START DATASET EXCERPTS

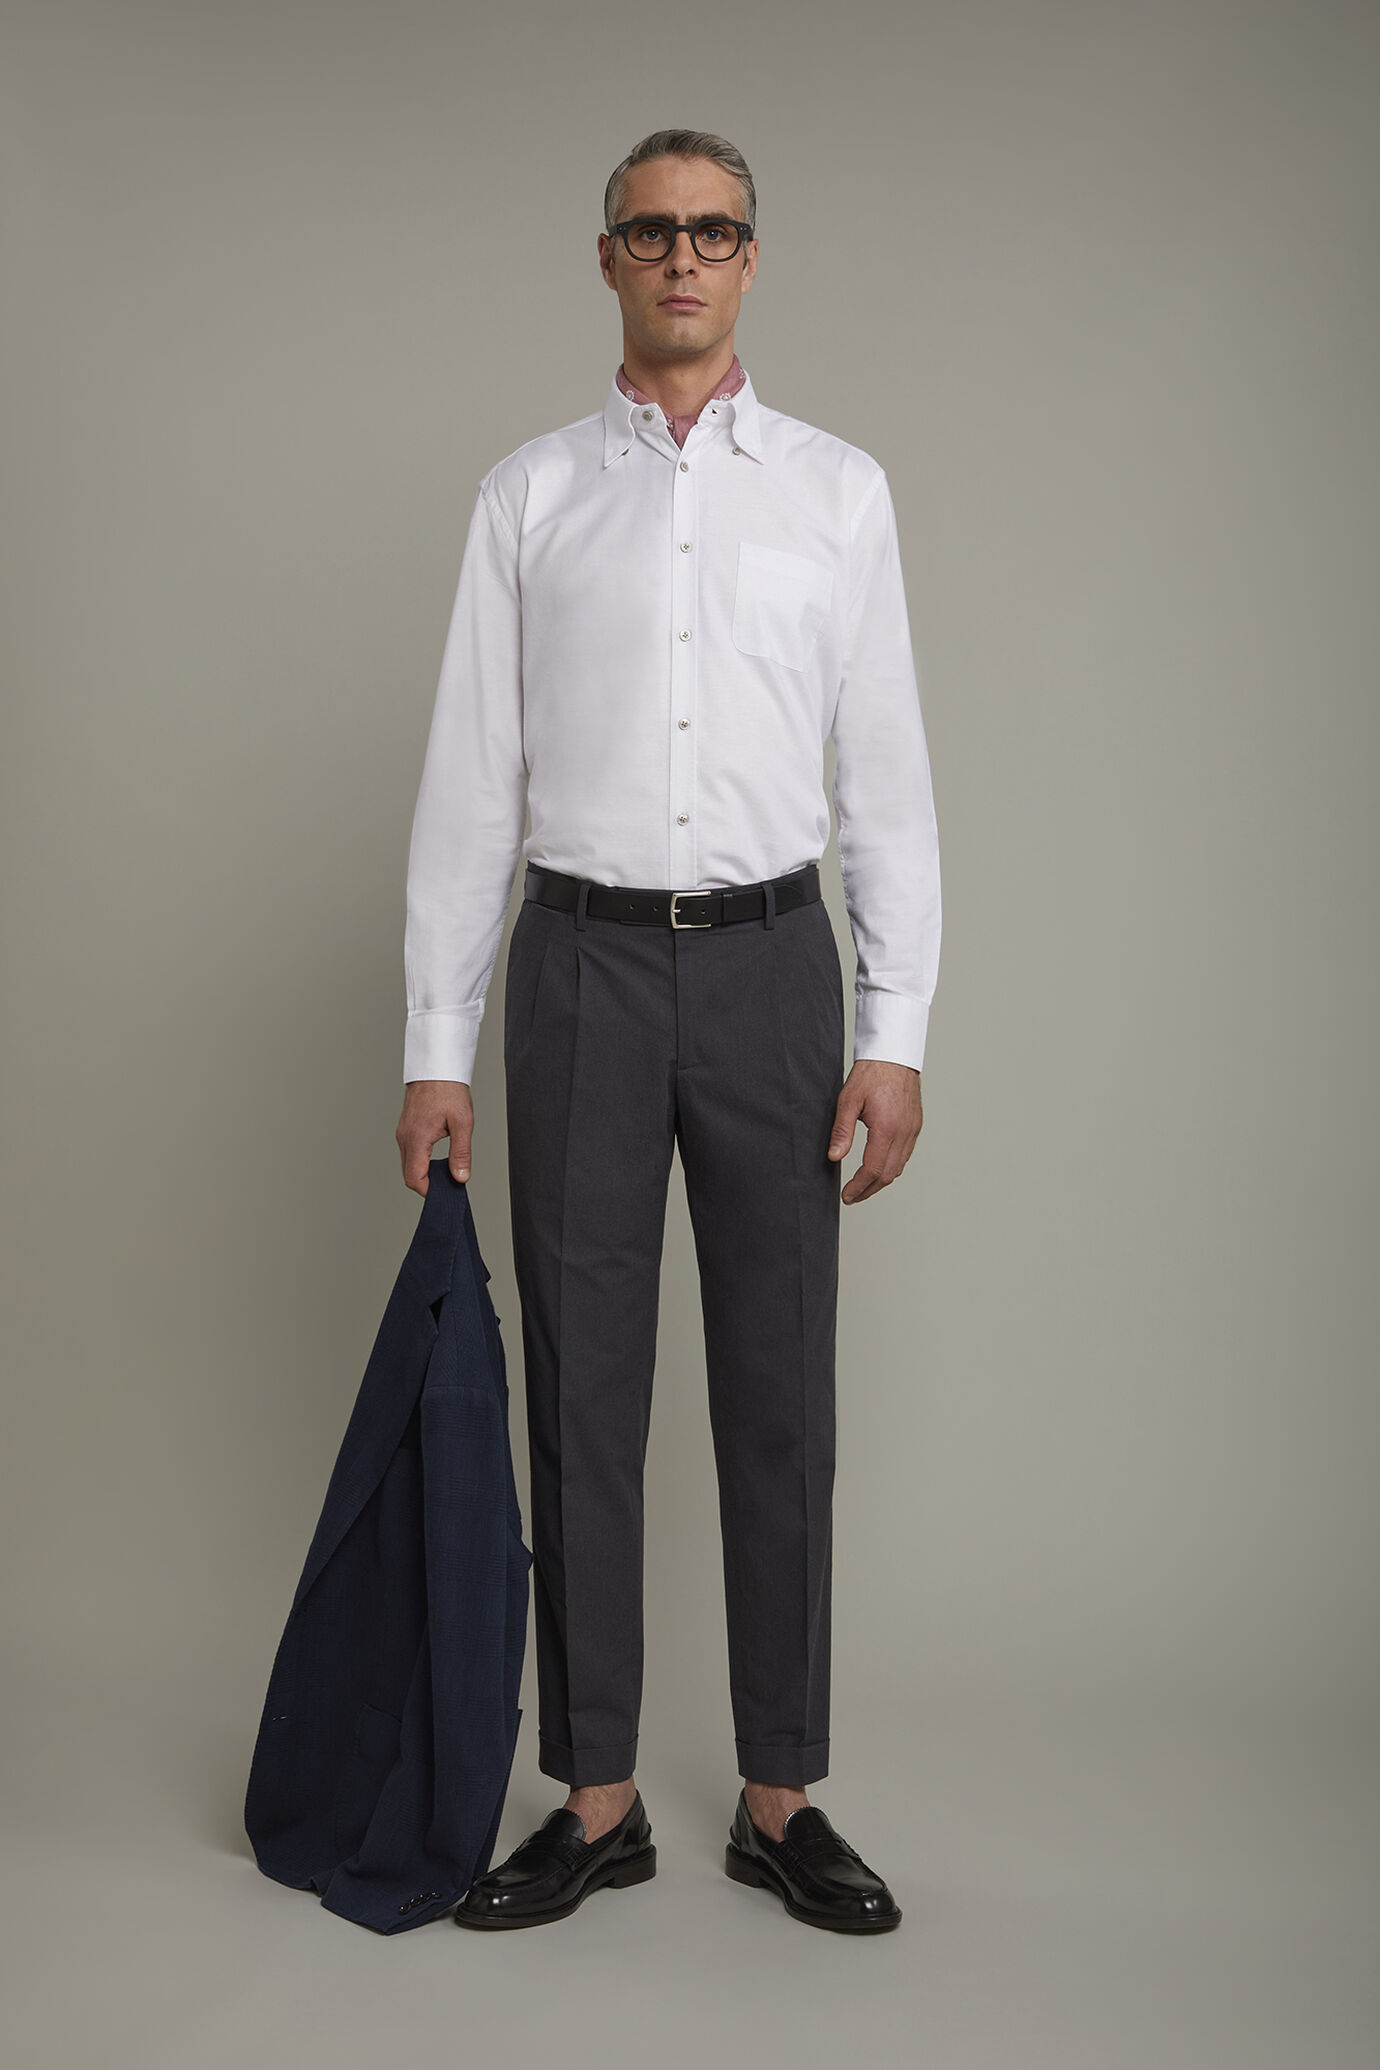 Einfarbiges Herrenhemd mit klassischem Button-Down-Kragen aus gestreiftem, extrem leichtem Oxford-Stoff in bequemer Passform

END DATASET EXCERPTS
START DATASET EXCERPTS

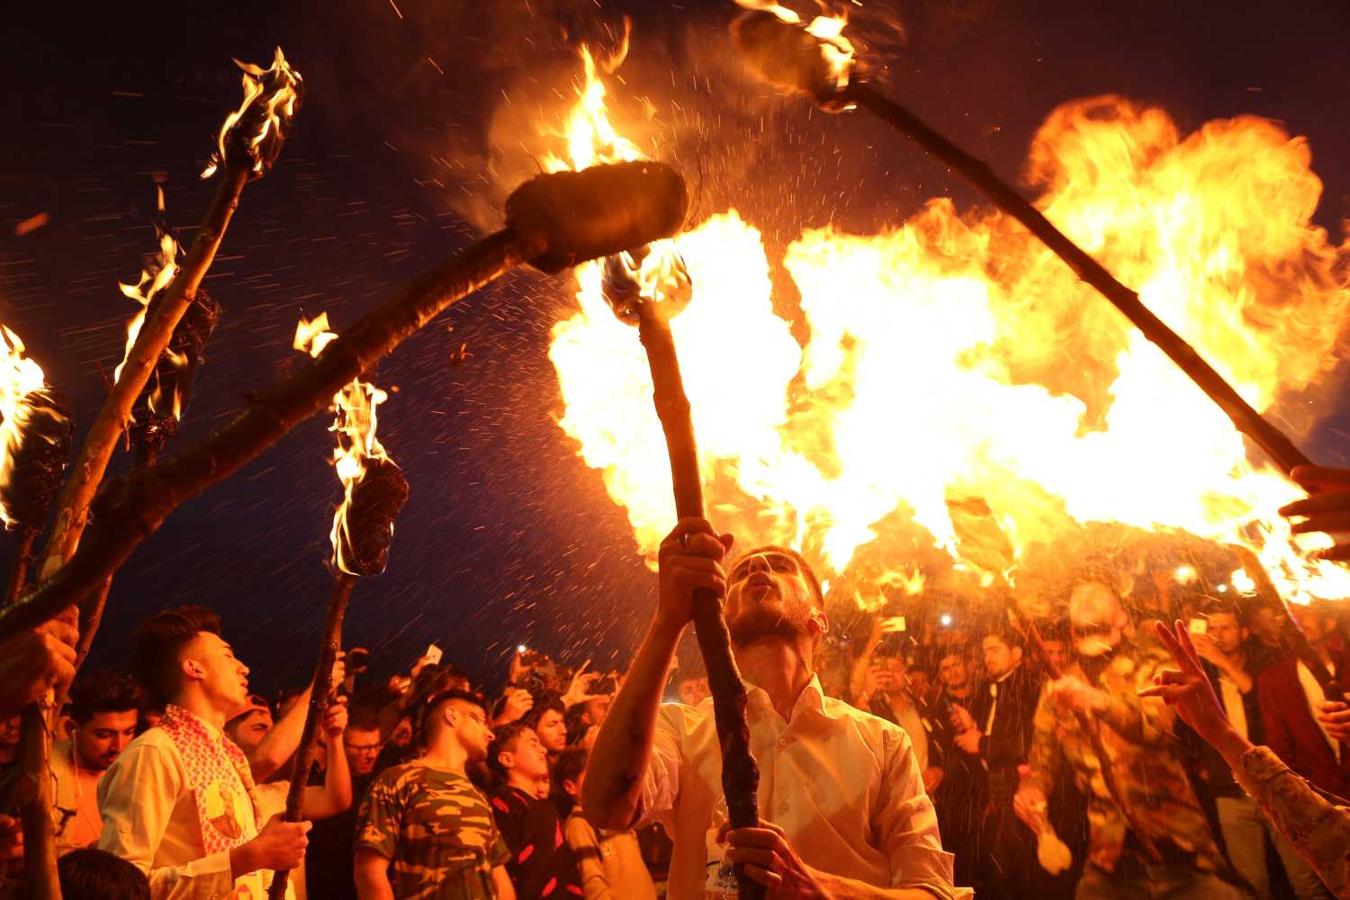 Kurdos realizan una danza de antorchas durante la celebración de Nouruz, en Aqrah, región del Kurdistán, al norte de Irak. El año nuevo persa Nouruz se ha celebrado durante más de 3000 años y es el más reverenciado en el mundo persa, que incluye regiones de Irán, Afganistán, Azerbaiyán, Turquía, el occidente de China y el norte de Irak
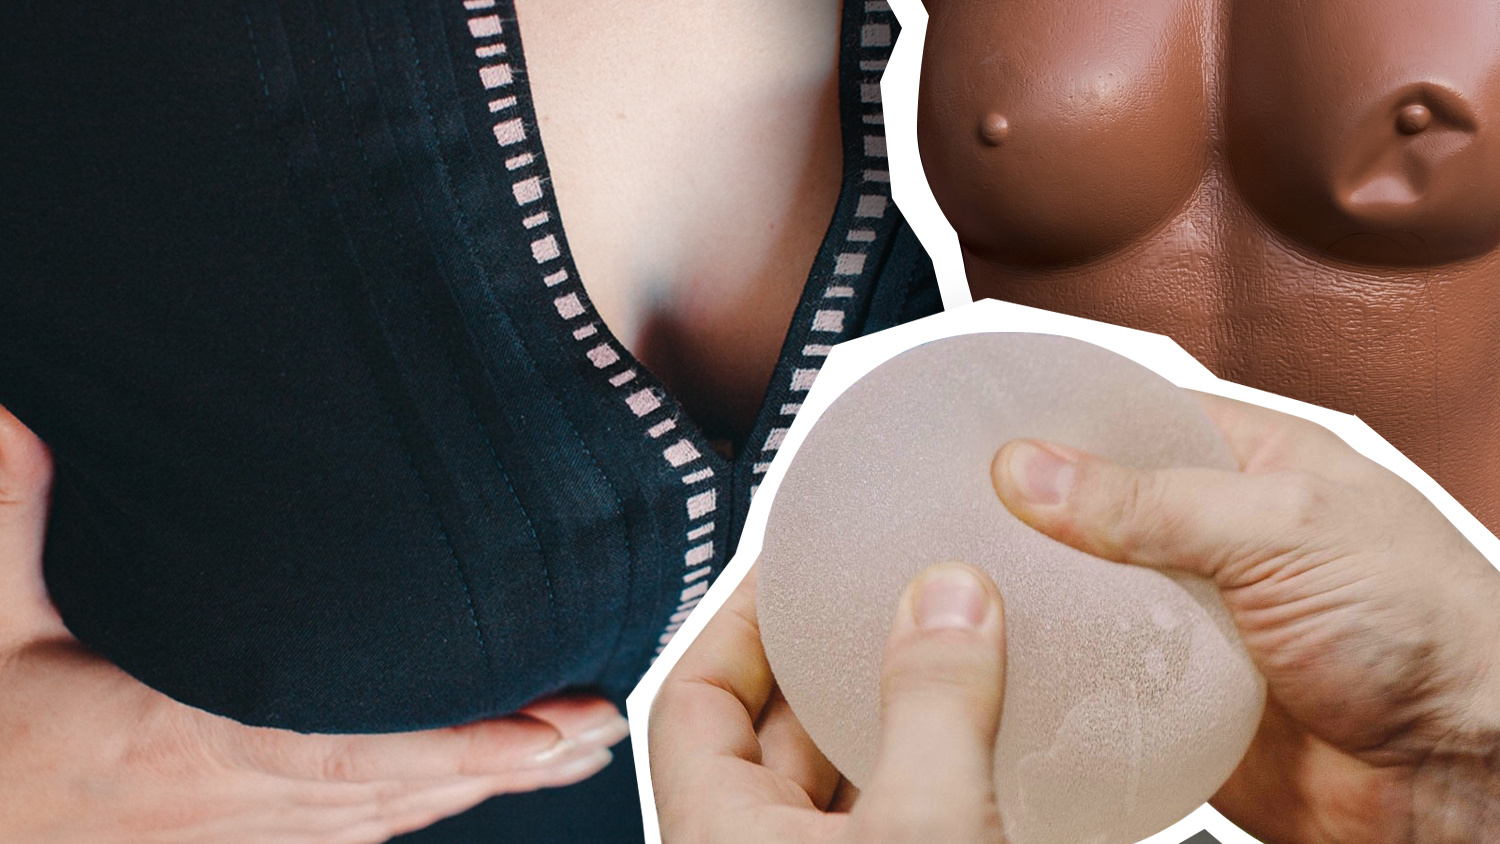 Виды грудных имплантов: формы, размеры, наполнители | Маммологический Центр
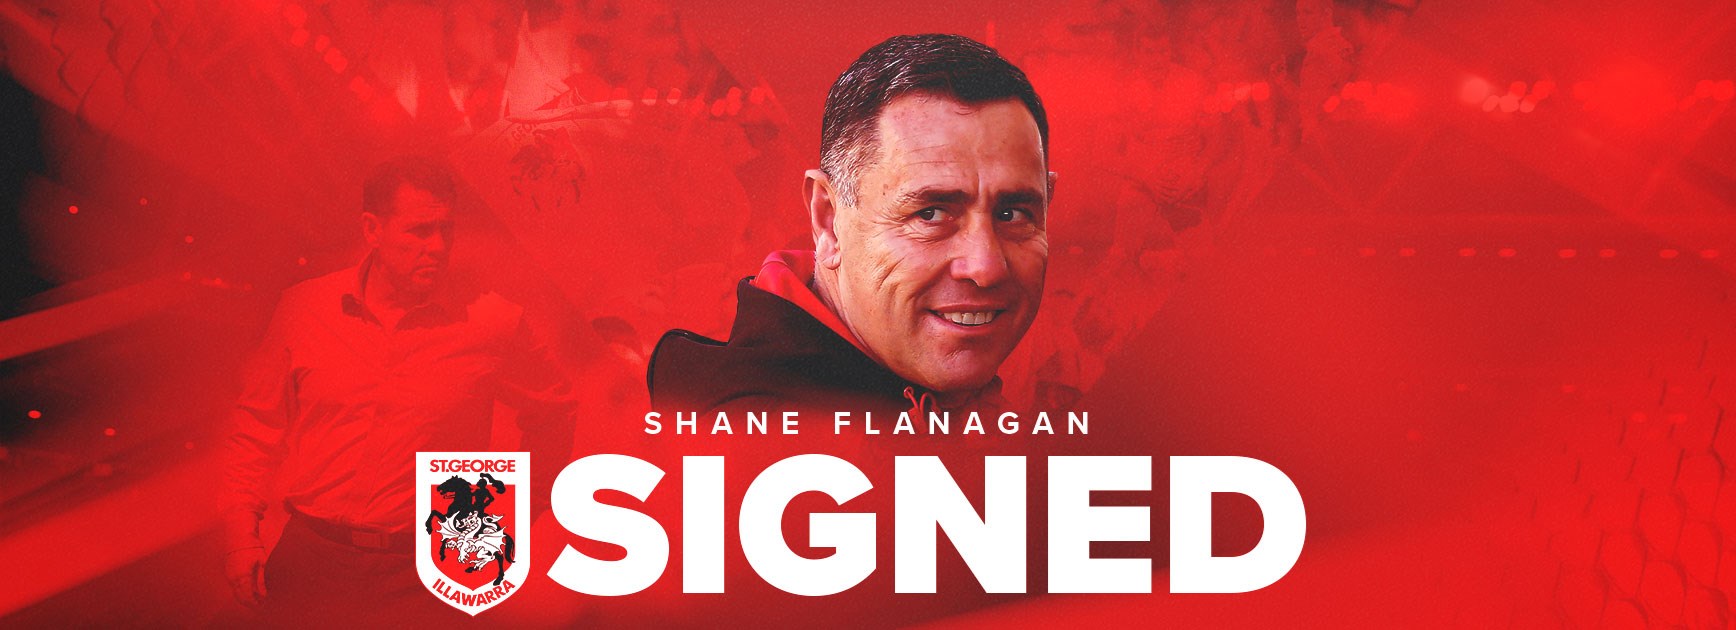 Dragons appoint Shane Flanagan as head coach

END DATASET EXCERPTS

▶ **EXERCISE DESCRIPTION**
Look above for the line with "Kurdos realizan una" and the line with "Dragons appoint Shane Flanagan as head coach", then restate exactly those two lines and all lines between them, with no pictures.

▶ **RESULT**
 Kurdos realizan una danza de antorchas durante la celebración de Nouruz, en Aqrah, región del Kurdistán, al norte de Irak. El año nuevo persa Nouruz se ha celebrado durante más de 3000 años y es el más reverenciado en el mundo persa, que incluye regiones de Irán, Afganistán, Azerbaiyán, Turquía, el occidente de China y el norte de Irak
 Виды грудных имплантов: формы, размеры, наполнители | Маммологический Центр
 Dragons appoint Shane Flanagan as head coach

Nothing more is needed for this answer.